

VerdictDB on MySQL¶

On this page, we will demonstrate an example of a Java/Python application with a VerdictDB library that creates a scrambled table for your database, then executes a query that enable VerdictDB to utilize the scrambled table.

Here we assume:

Your MySQL database is running
TPC-H data has been loaded into your database following the instructions in the previous Setup TPC-H Data page.

Getting VerdictDB Example Application¶

Before we start, you need to get our example Java/Python application that we will be referring to throughout this entire tutorial. To do so, you need git and run the following command in your working directory:

$ git clone git@github.com:verdictdb/verdictdb-tutorial.git

This will clone the current VerdictDB tutorial application into your_working_directory/verdictdb-tutorial.

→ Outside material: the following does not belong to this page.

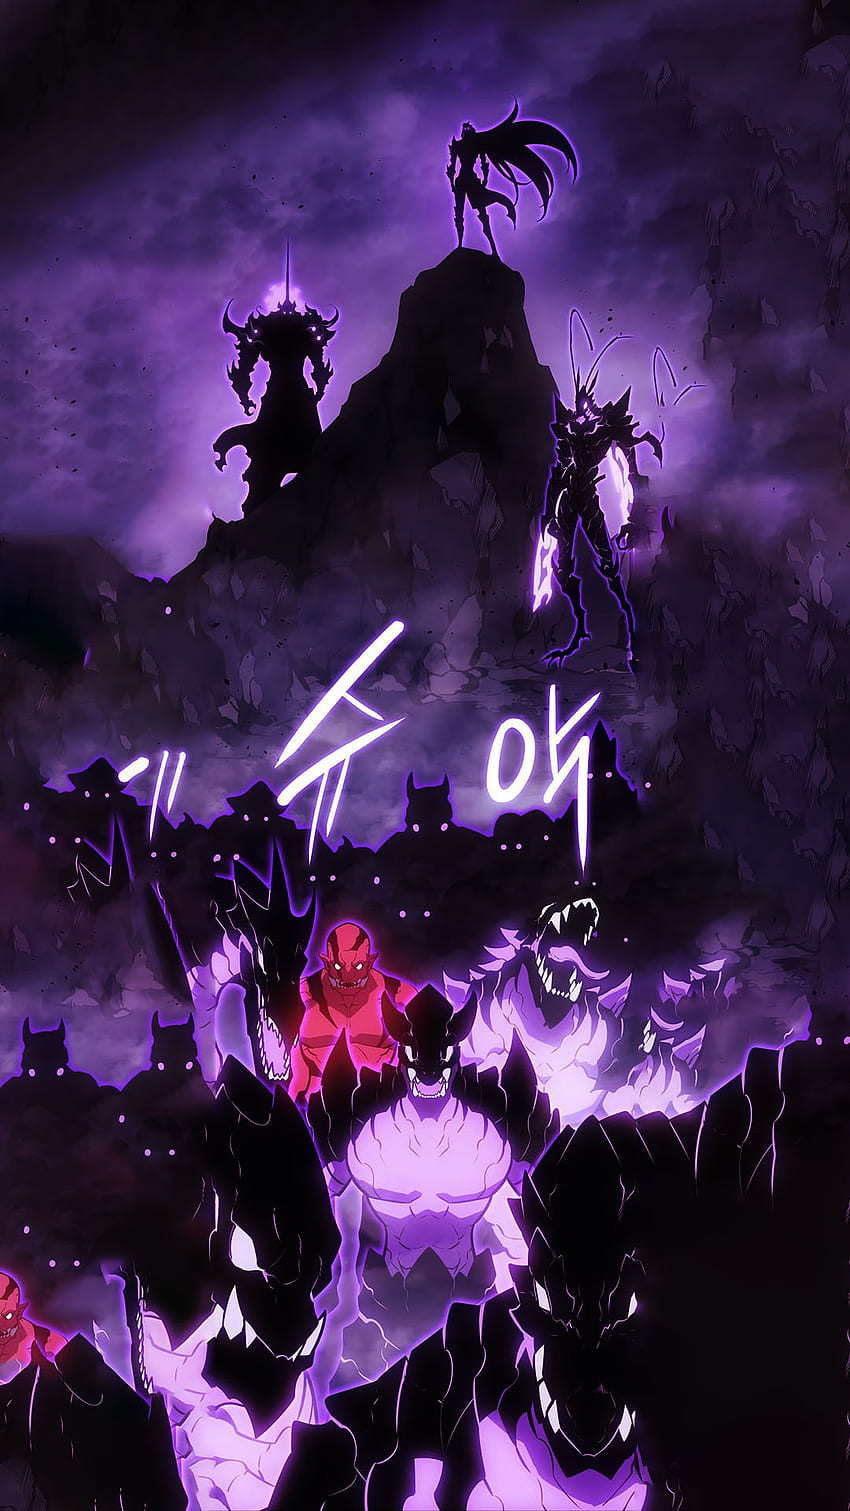 Solo leveling, only i level up, dimensional crack, new shadow army, shadow army, shadow lord, hunter, korean, second battle, manghwa, shadow monarch, sung jinwoo HD phone wallpaper

Move into the directory with the example we will use.

Java

cd verdictdb_on_mysql

Python

cd pyverdict_on_mysql

Compiling the Application¶

The tutorial java application has been set up with Apache Maven and you should be able to build a runnable jar file under your_working_directory/verdictdb-tutorial/target.

For the python application, install the required packages with pip.

Java

mvn package

Python

pip install -r requirements.txt

Running the Application¶

We included a shell script run.sh that you can invoke to execute the example Java application. The script takes 4 arguments: hostname, port, name of database/schema, and command.

Creating a Scrambled Table¶

In this tutorial, we are going to create a scrambled table on lineitem table. Assume you are running the MySQL database following this page:

Java

./run.sh localhost 3306 tpch1g create

Python

python tutorial.py create

It prints something like this:

Creating a scrambled table for lineitem...
Scrambled table for lineitem has been created.
Time Taken = 67 s

This command executes the following SQL statement via VerdictDB:

CREATE SCRAMBLE tpch1g.lineitem_scramble FROM tpch1g.lineitem

Snippet of the corresponding source code (simplified for brevity):

Java

...
Statement stmt = verdictConn.createStatement();
String createQuery =
    String.format(
        "CREATE SCRAMBLE %s.lineitem_scramble " + "FROM %s.lineitem",
        database, database);
System.out.println("Creating a scrambled table for lineitem...");
stmt.execute(createQuery);
stmt.close();
System.out.println("Scrambled table for lineitem has been created.");
...

Python

...
print('Creating a scrambled table for lineitem...')
start = time.time()
verdict_conn.sql('CREATE SCRAMBLE tpch1g.lineitem_scramble FROM tpch1g.lineitem')
duration = time.time() - start
verdict_conn.close()
print('Scrambled table for lineitem has been created.')
print('Time Taken = {:f} s'.format(duration))
...

It's just like running SQL statement via any JDBC connection.

After the scrambled table being created, VerdictDB will automatically utilize this scrambled table for any query that involves the lineitem table.

Running a Sample Query¶

The example application can execute one very simple aggregation query with and without VerdictDB and compare their performance:

SELECT avg(l_extendedprice) FROM tpch1g.lineitem

To run this query with/without VerdictDB, you can simply run the following command:

Java

./run.sh localhost 3306 tpch1g run

Python

python tutorial.py run

The result looks like this:

Without VerdictDB: average(l_extendedprice) = 38255.138485
Time Taken = 43 s
With VerdictDB: average(l_extendedprice) = 38219.8871659
Time Taken = 10 s

You can see that VerdictDB achieves more than 4x speedup with a 99.9% accurate result even with a relatively small dataset that we use in this tutorial (i.e., 1GB).